## GPU Programming: Perform vector and matrix operations in CUDA

### Environment Setup

You can run this notebook on either Colab or clone the github repo to your virtual machine with GPU.

In [None]:
### This script is used to clone the repository to the google drive and setup the directory
from google.colab import drive
import os

drive_path = '/content/drive' 
drive.mount(drive_path)
workspace_path = os.path.join(drive_path, "MyDrive/workspace/11868hw")
!mkdir -p {workspace_path}
%cd {workspace_path}
git_repo_name = "llmsys_code_examples"
repo_path = os.path.join(workspace_path, git_repo_name)
if os.path.isdir(os.path.join(repo_path, ".git")):
  %cd {git_repo_name}
  !git pull
else: 
  !git clone https://github.com/llmsystem/llmsys_code_examples.git
%cd {repo_path}/cuda_acceleration_demo

### Compile and Run CUDA Code

We will implment a program for tiled matrix multiplication in CUDA. 
The following code snippt is from `matmul_tile.cu`. Please fill in the blanks. 

![image.png](attachment:image.png)

```cpp

__global__ void MatMulTiledKernel(float* d_A, float* d_B, float* d_C, int N) {
    // define two matrices in share memory


    // define the row and column in the result matrix of current thread


    // iterate over tiles along row and column in d_A and d_B



    // store result

    
}

```

Run the following command (you may use the commented command to run your own version)

In [None]:
# Compile the codes for matrix addition
# uncomment the following line to compile your implemented version 
# %nvcc -o matmul_tile matmul_tile.cu -O3

!nvcc -o matmul_bench matmul_tile_full.cu -O3

zsh:1: command not found: nvcc


Run the following command to check the result: 

In [None]:
# Py packages for visualization
import pandas as pd
import matplotlib.pyplot as plt
import io

# data
output = !./matmul_bench
data = "\n".join([line for line in output if line.count(",") == 2])
print(data)
df = pd.read_csv(io.StringIO(data), names=['Size', 'Naive_ms', 'Tiled_ms'], header=None)


# plot
plt.figure(figsize=(12, 7))
plt.plot(df['Size'], df['Naive_ms'], marker='o', label='Naive Kernel')
plt.plot(df['Size'], df['Tiled_ms'], marker='s', label='Tiled Kernel (32x32)')

plt.title('Naive vs. Tiled Performance', fontsize=14)
plt.xlabel('Matrix Dimension (N)', fontsize=12)
plt.ylabel('Exec Time (ms)', fontsize=12)
plt.legend()
plt.grid(True)
plt.show()

## Further Questions and Explanations


---


### Why does the speedup increase as N increases?
As N increases, the number of data grows by a factor of N^2, hence, requiring exponentially more global memory reads.

Furthemore, depending on the GPU architecture, there is a L2 cache.
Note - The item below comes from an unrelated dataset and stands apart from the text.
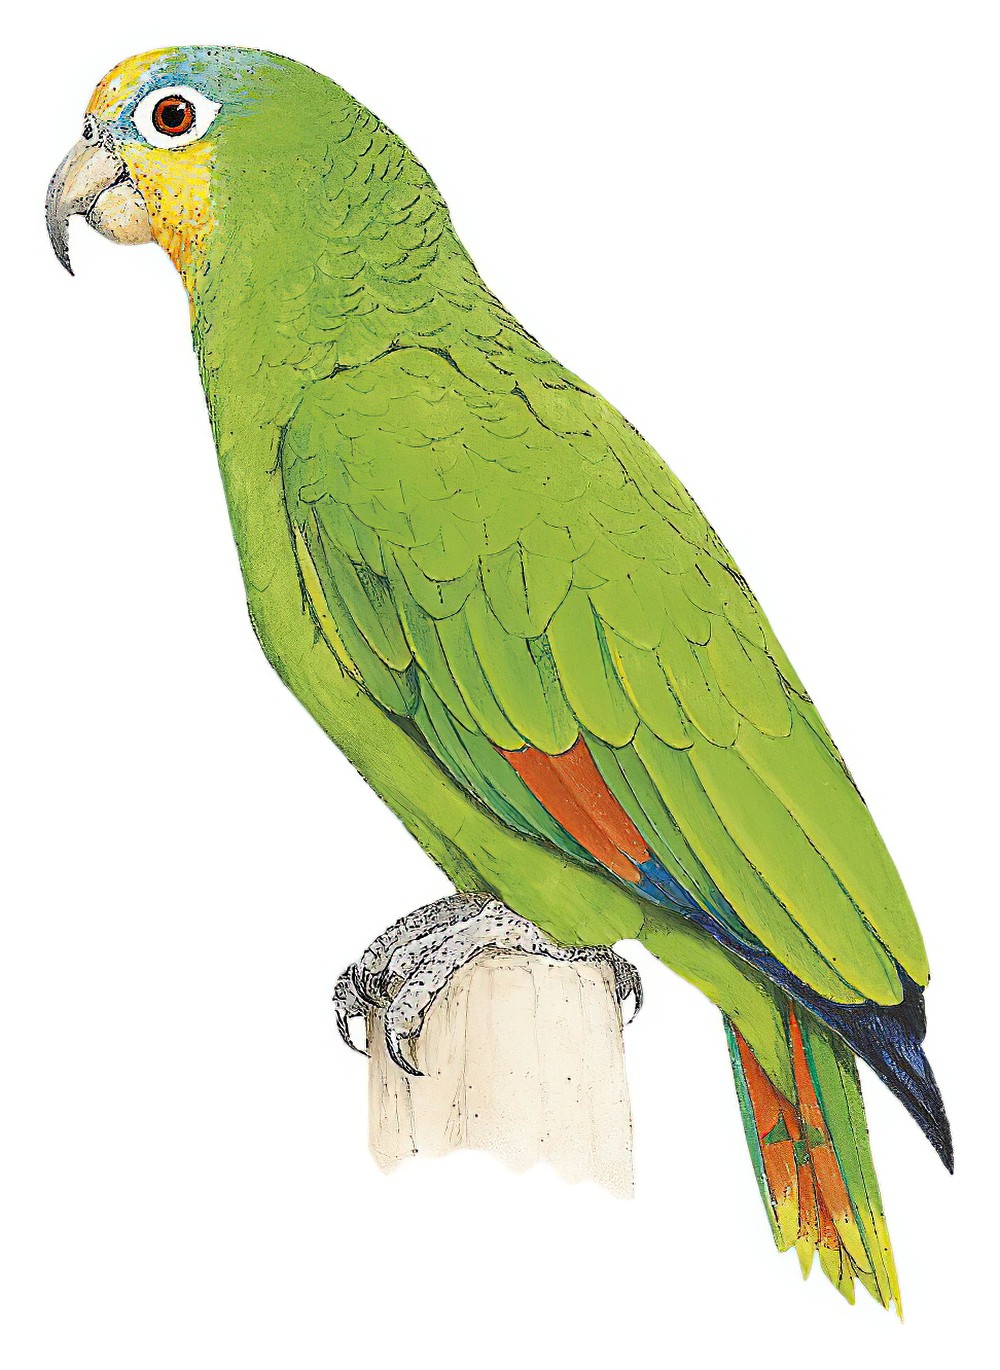 Orange-winged Parrot / Amazona amazonica

In our case, T4 GPU has a 6 MB L2 cache.

We can solve for the maximal N that can fit in the L2 cache (assuming 4 byte floating point numbers), via: 6 MB = N x N x 4 Bytes, or N ~= 1224. Since memory bandwidth from L2 to registers is much faster than main memory to registers, Naive performs well comparatively to the Optimized.

---

### How would we get better speedup?

Similar to tiling, there is something called `register tiling`. This is, essentially, another level of tiling where we place our data at the register level instead of just using shared memory. It's like a `cache for the cache`.

Other techinques include double (or even triple) buffering in libraies such as `cuBLAS`. These are much more advanced and aren't necessary for your homework assignments (but you are free to do your own research and try to implement them).